Giles Vernon “John” Kellogg Jr. (June 3, 1916 – February 22, 2000) was an American actor in film, stage, and television.

==Biography==

Giles Vernon Kellogg Jr. was born on June 3, 1916, in Los Angeles, California, to Giles Vernon Kellogg Sr. and Marietta Hughes Kellogg (née King). His parents married in 1914, divorced in 1918, and remarried in 1920. Kellogg’s father was the son of Giles Kellogg, secretary of the Union Oil Company of California. His mother was the daughter of Charles Henry King, a prominent businessman and banker who was the father of Leslie Lynch King Sr., Gerald Ford’s father.
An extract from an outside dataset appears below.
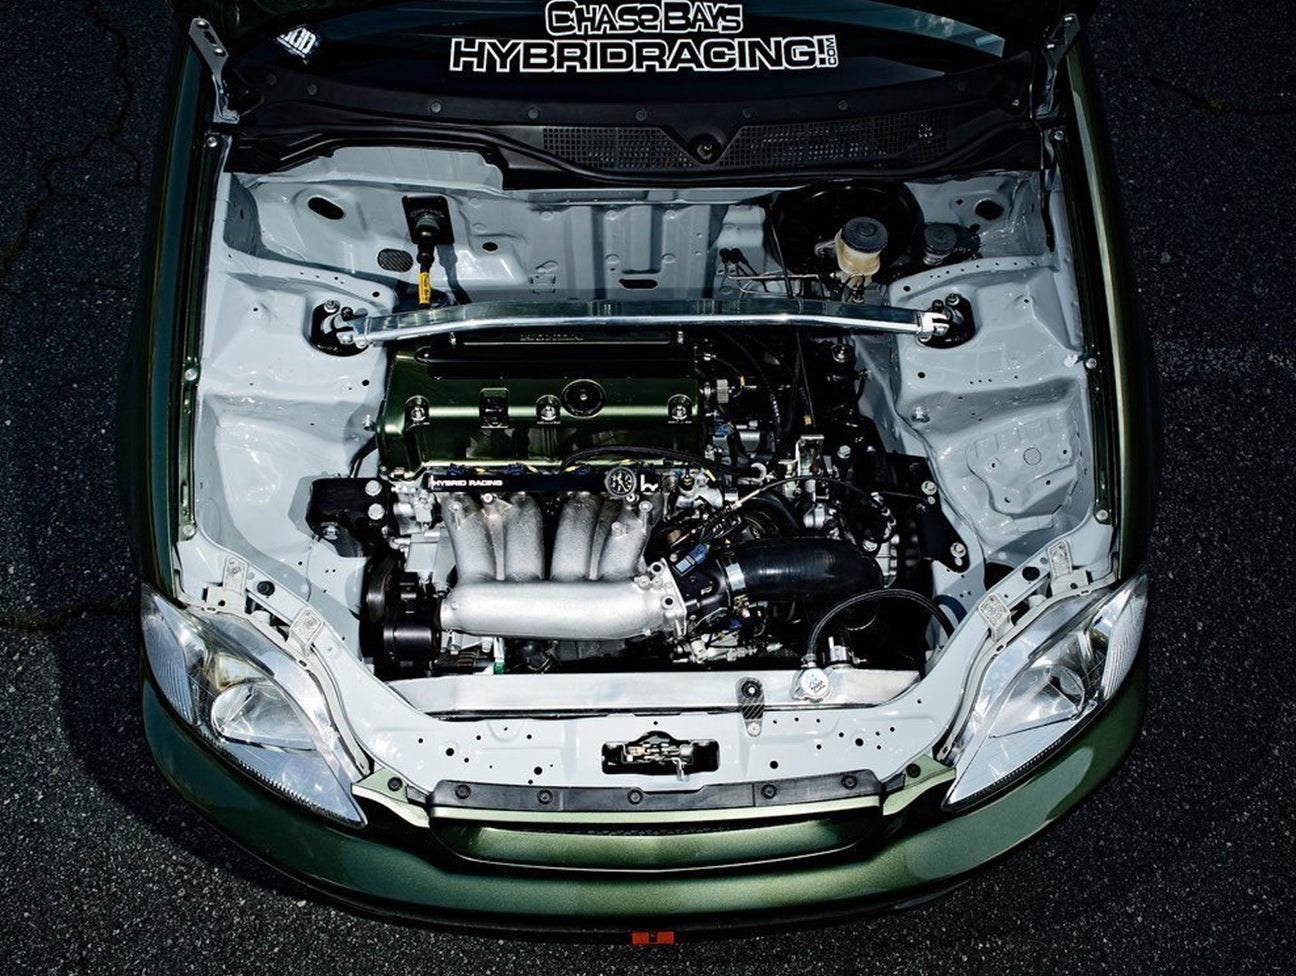 Fuel Line Tuck kit with Mini Filter - Honda Civic Acura Integra B
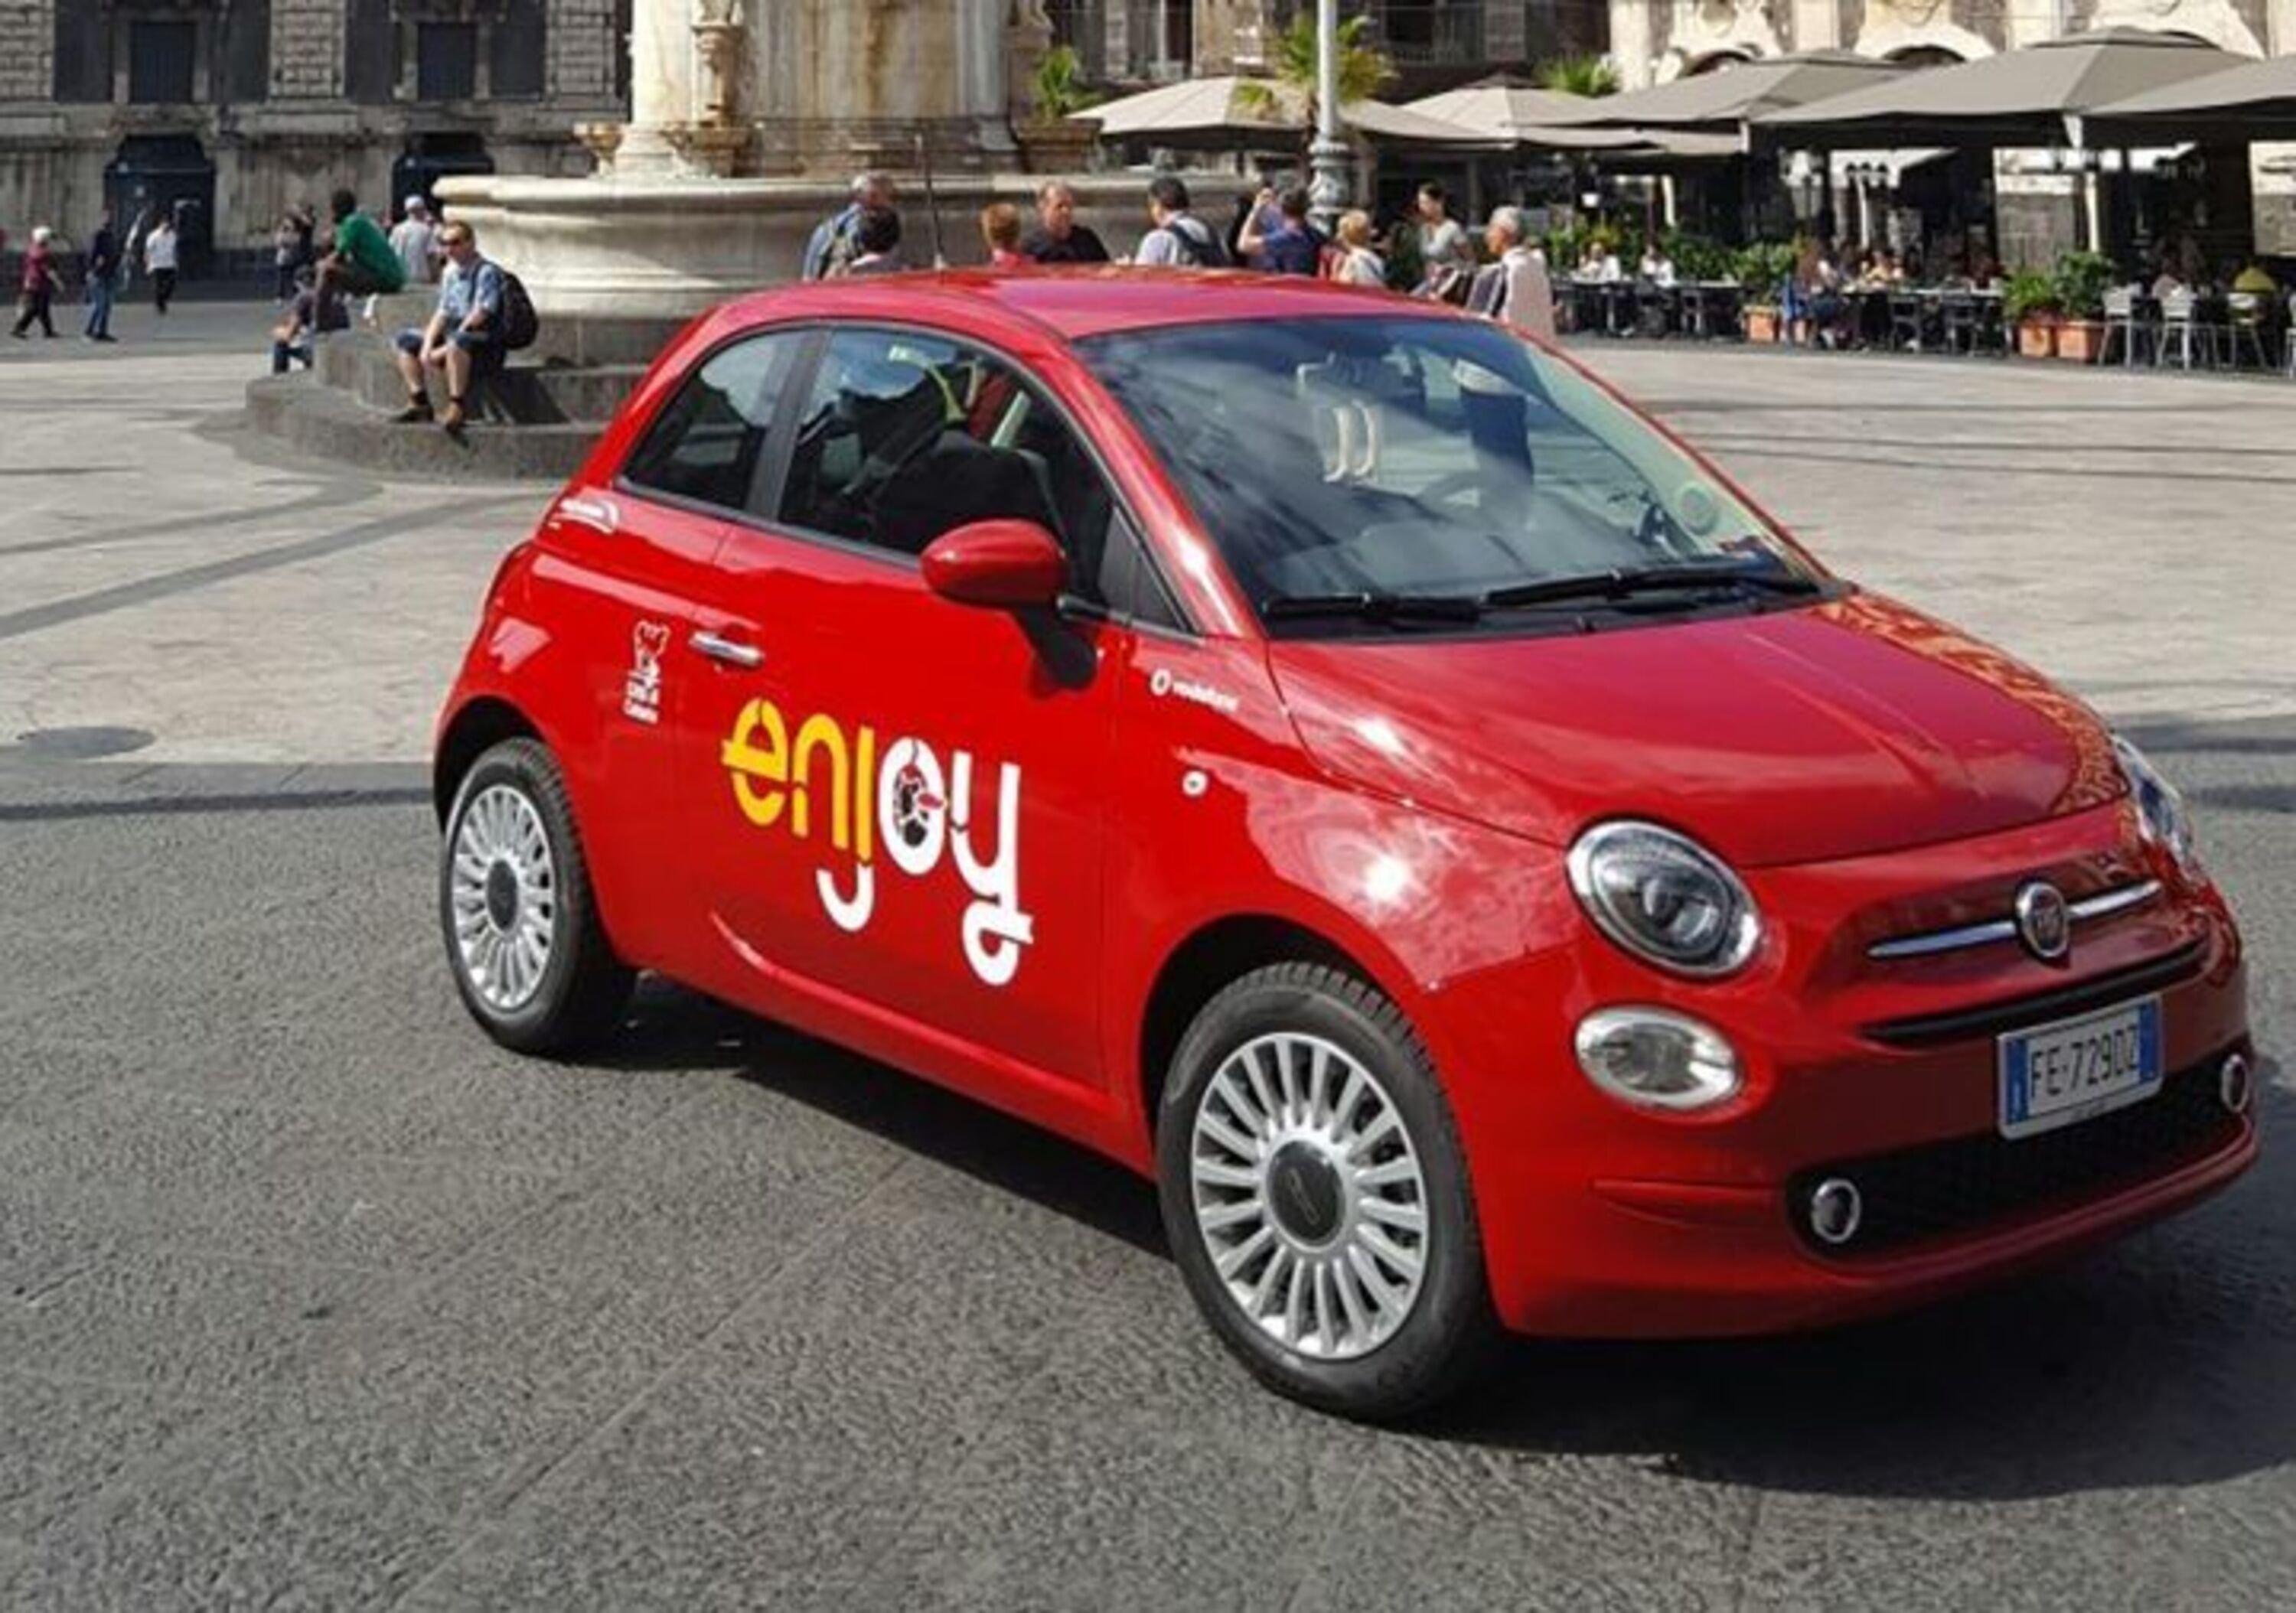 Car sharing: Enjoy arriva a Catania

Kellogg began his acting career in the 1930s as Giles V. Kellogg, starring in the long-running comedy Brother Rat. Meanwhile, he acted on stage in several plays until World War II broke out. He turned to the film industry, playing bit parts in several films. In 1946, he signed a contract at Columbia Pictures. Throughout his career, Kellogg played mostly secondary roles. In a Season 6 episode of Bonanza, he played "Frank Reed" alongside Dan Duryea in "Logan's Treasure". In 1969 Kellogg appeared as Mel Dover on the TV western The Virginian in the Episode titled Stopover.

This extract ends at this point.